OK, let's make sense of the readings that your multimeter recorded in the test:
CASE 1: Your multimeter registered 14 to 14.5 Volts from the start of the test to the end of the test. This test result lets you know that the alternator on your 4.6L or 5.4L Ford van is working like it should. No further testing is required.
CASE 2: Your multimeter DID NOT register 14 to 14.5 Volts from start to end and the voltage dropped to 9 Volts DC. This test result lets you know that the alternator is probably bad.
Probably bad? What I mean is this, around 90% of the time, you could stop here, replace the alternator and the problem is solved. To be 100% sure the alternator is bad, there are 2 more tests to do and I'll show you how to do them. Go to: TEST 2: Checking The Continuity Of The BAT + Circuit..
TEST 2: Checking The Continuity Of The BAT + Circuit
The charge that the alternator produces is delivered to the battery via the black with orange stripe (BLK/ORG) cable, which connects to the rear of the alternator with a nut.
Before the alternator's charge reaches the battery through the BLK/ORG cable, it has to pass through two inline fusible links.
It's not uncommon for these inline fusible links to get blown and prevent the alternator's output from reaching the battery.
In this test section, we're going to do a simple multimeter continuity test on this circuit to find out if the inline fusible links are okay.
If they are, then we can confidently conclude that the alternator's charge is being delivered to the battery, assuming the alternator is good.
These are the test steps:
- 1
Disconnect the battery negative (-) cable from the battery but leave the positive (+) cable connected to the positive (+) post.
IMPORTANT: Do not proceed to the next steps until you have done this first. - 2
Set your multimeter to Ohms mode.
- 3
Connect the red multimeter test lead to the stud shown in the photo above.
A BLK/ORG cable connects to the stud indicated by the arrow (in the photo above).

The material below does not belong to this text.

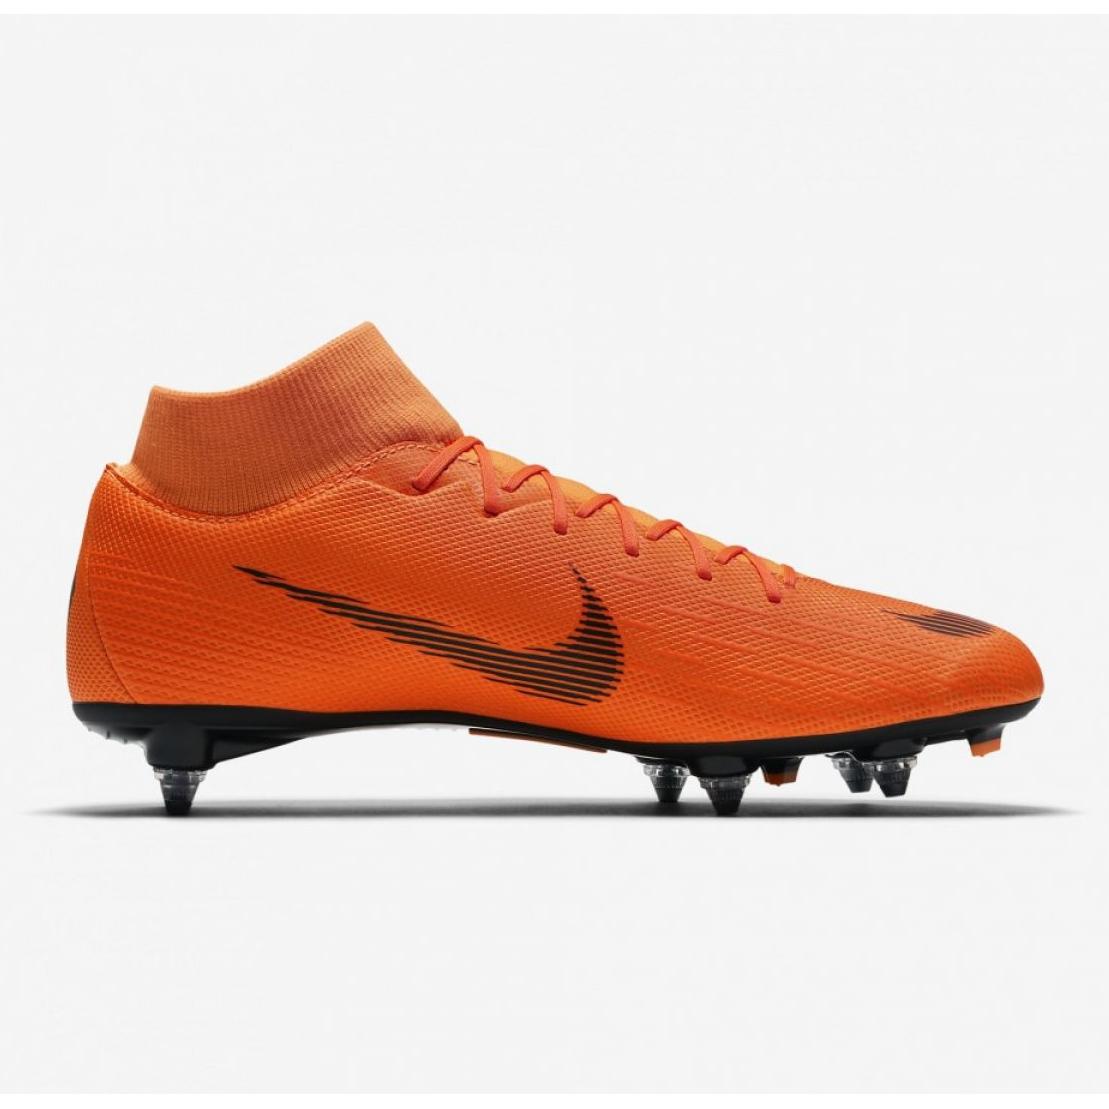 best website d23b2 069e8 Nike Mercurial Superfly 6 Academy Sg Pro M AH7364-810 Football Shoes
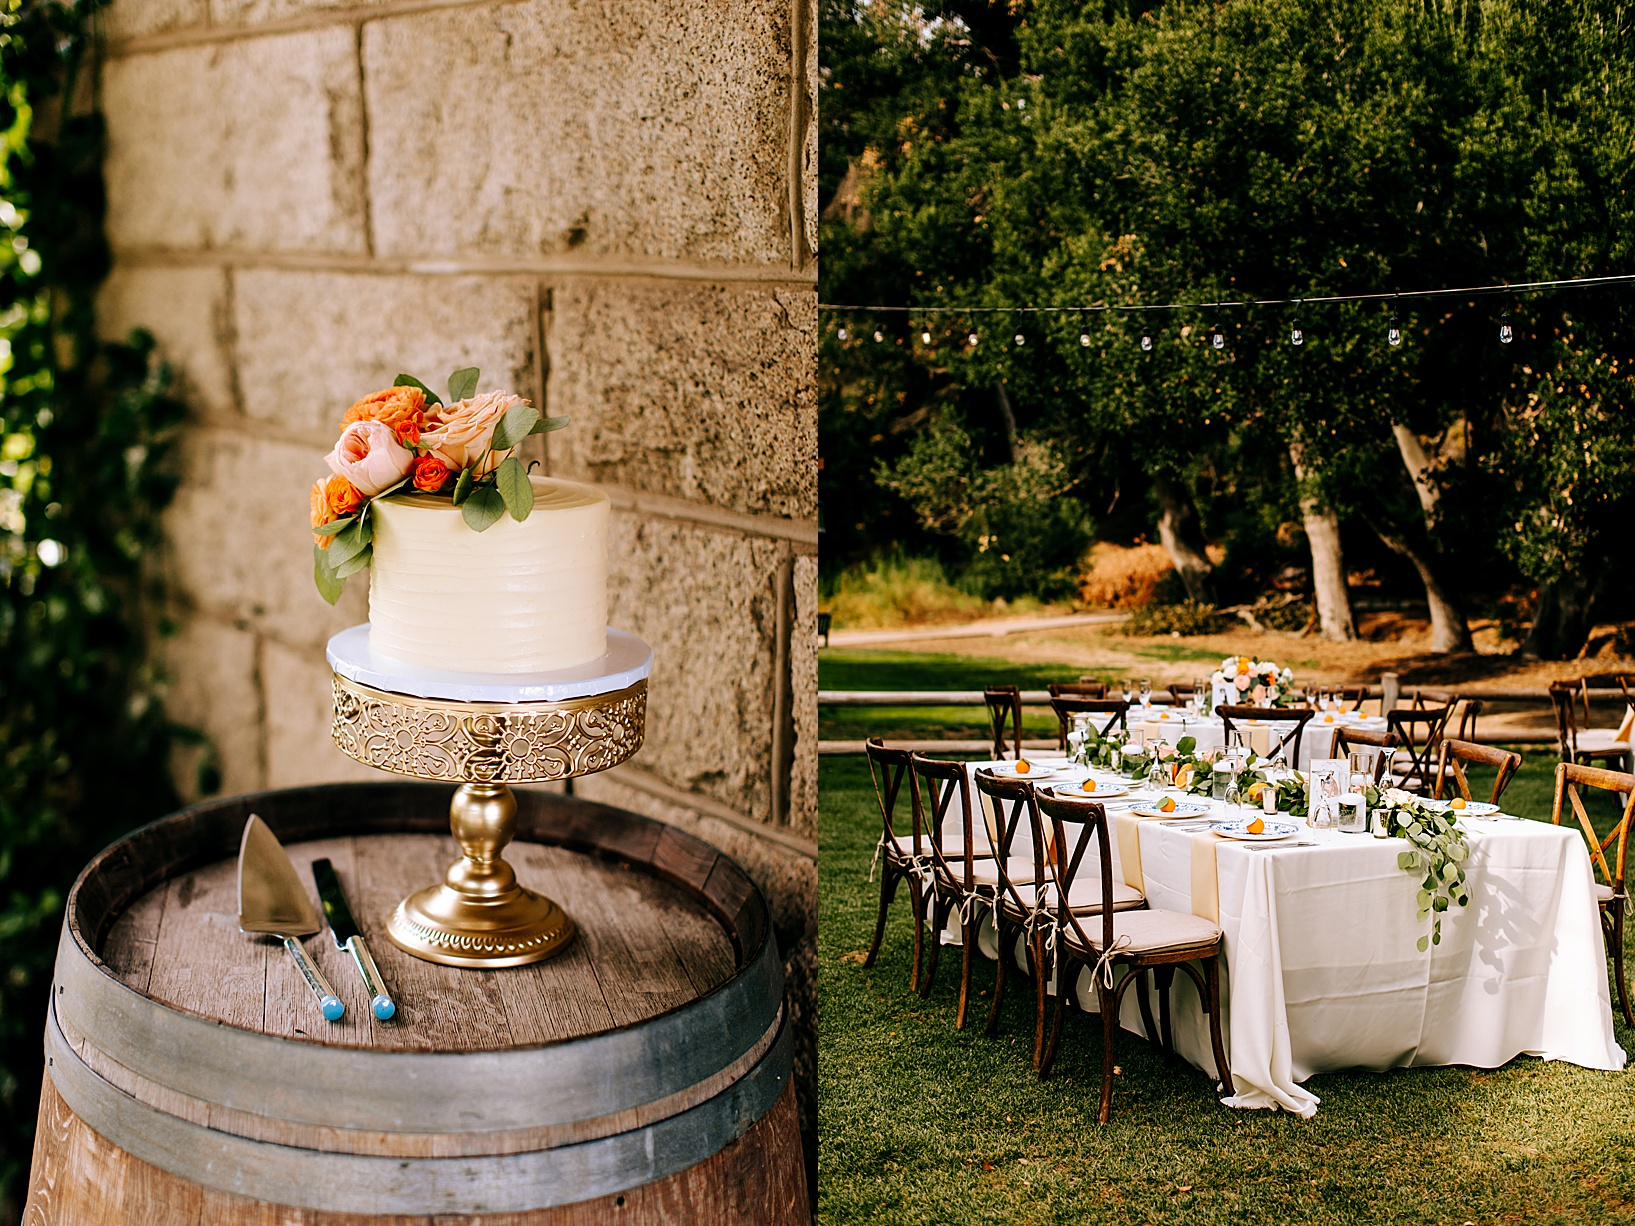 Reception Details for Temecula wedding at Temecula Creek Inn

NOTE: Don't disconnect the BLK/ORG cable from the alternator. - 4
Connect the black multimeter test lead on the battery positive (+) terminal (at the battery).
The battery negative (-) wire must remain disconnected from the battery. - 5
Your multimeter will register one of two values:
1.) Continuity (usually an Ohms value of about 0.5 Ohms).
2.) No continuity (an infinite Ohms reading (OL)).
OK, now that the testing part is done, let's take a look at what your results mean:
CASE 1: Your multimeter registered 0.5 Ohms. This result indicates that the mega fuse is OK and not blown.
Now, there's just one more thing to check and you're done! The next test is to make sure that the alternator's voltage regulator is getting power. For this test, go to: TEST 3: Making Sure The Voltage Regulator Is Getting Power.
CASE 2: Your multimeter DID NOT register 0.5 Ohms, it registered OL. This result tells you that the inline fusible links are blown.
Check the inline fusible links. If they're blown, replace them and retest. More than likely, this will solve the alternator's no-charge problem.
Blown fusible links are rare. However, if they do get blown, you'll need to find out why, as they don't get blown without a reason.
These fusible links are connected to the starter motor relay. The starter motor relay (not to be confused with the starter motor solenoid) is located in the right front corner of the engine compartment.